Here, ε is a coefficient related to attenuation called a loss coefficient, which shows a substantially constant value depending on the type of rubber, and is usually about 0.1.

f is the natural frequency of the vibration-isolating target, here it represents the frequency of the motor, and fn is the natural frequency of the system supported by the vibration-isolating material,
Here, it can be changed depending on the spring constant of the anti-vibration rubber.

Therefore, in order to set the value of fn, that is, the value of the spring constant of the anti-vibration rubber, in order to obtain the optimal vibration transmissibility τ),
This can be easily achieved by changing the diameter of the convex portion of the vibration isolating rubber.

Furthermore, in response to external forces such as belt tension, the largest area of the vibration isolating rubber receives compressive stress, so the amount of distortion of the rubber at that time is minimal, and the motor can rotate stably without compromising its anti-vibration effect. can be kept.

On the other hand, vibration isolating parts such as anti-vibration rubber and motor support fittings are simple and compact, so
It has great advantages in terms of cost, such as low mold and material costs, easy assembly, and less man-hours.
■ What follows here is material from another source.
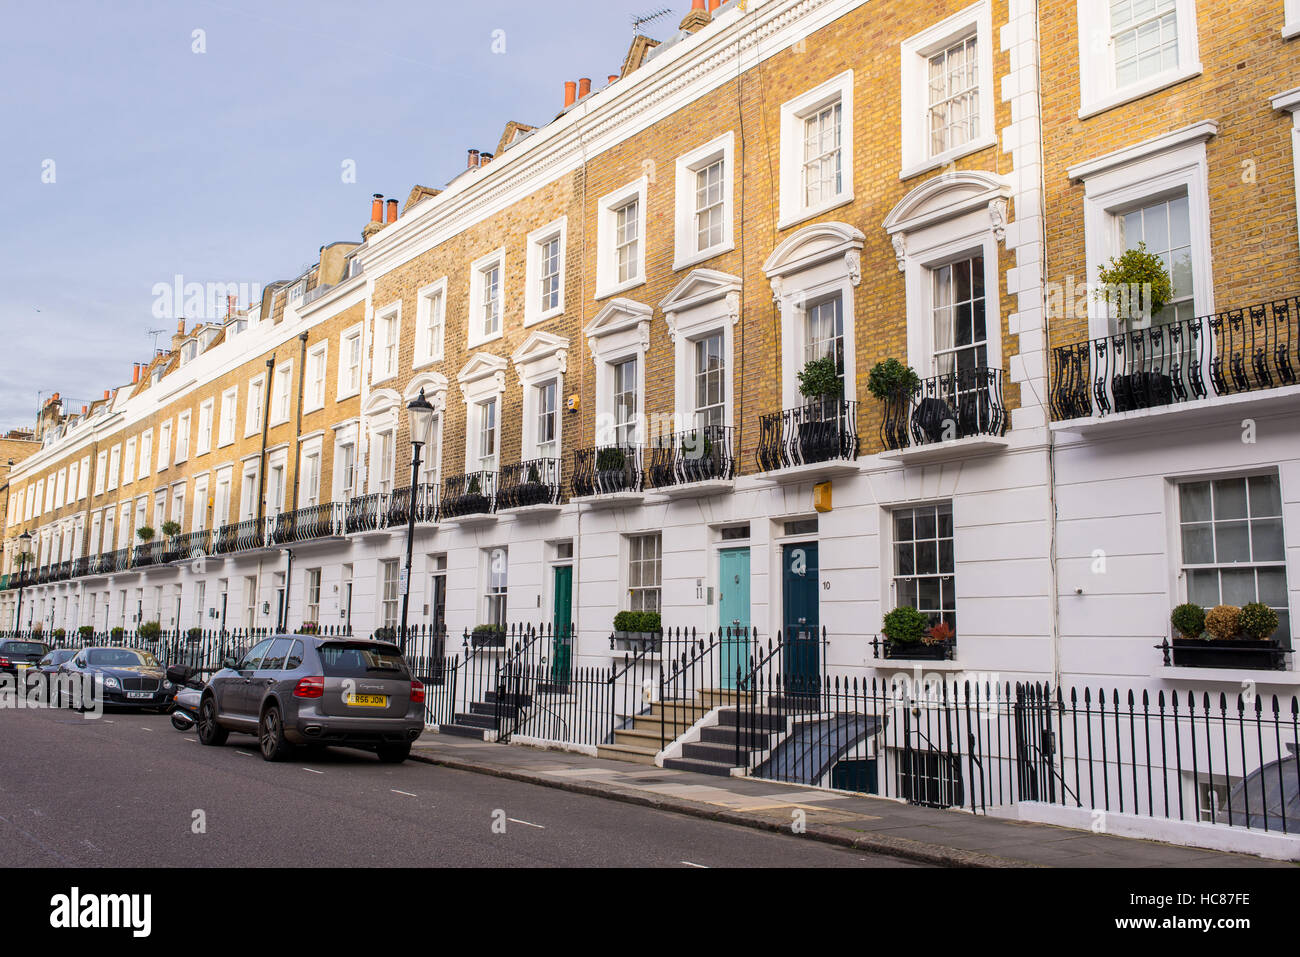 View of an elegant street in the residential area of Chelsea, London, UK with Victorian classic residential buildings and cars parked in front of them Stock Photo

[Brief explanation of the drawing]

FIG. 1 is a sectional view showing an embodiment of the vibration isolator according to the present invention, FIG. 2 is a perspective view of the vibration isolator shown in FIG. 1, and FIG. 3 is an exploded perspective view of the vibration isolator shown in FIG. 1. It is. 21.21'... Anti-vibration rubber, 22...
Support metal fittings, 22A, 22B...Support piece, 23.
...Bracket, 25...Motor, 26,
28... Annular flange, 27.29...
・Hole part.

Claims (1)

[Claims] 1. A support fitting having a pair of left and right support pieces fixed to the underside of the motor and extending in the axial direction of the motor so as to be inclined in a tangential direction to a concentric circle larger than the outer diameter of the motor. , a receiving fitting having a receiving part parallel to each supporting piece of the supporting fitting, and a pair of upper and lower cylindrical anti-vibration parts that respectively sandwich the supporting piece from the front and back surfaces on each receiving part of this supporting fitting. Each of these vibration-proof rubbers has a convex part on one surface and a concave part on the other surface, and the support piece and the receiving part of the bracket have concave parts and convex parts of the vibration-proof rubber. 1. A vibration isolating device for a motor, comprising a hole and a concentric annular flange that is fitted into the annular flange and protrudes in the same direction.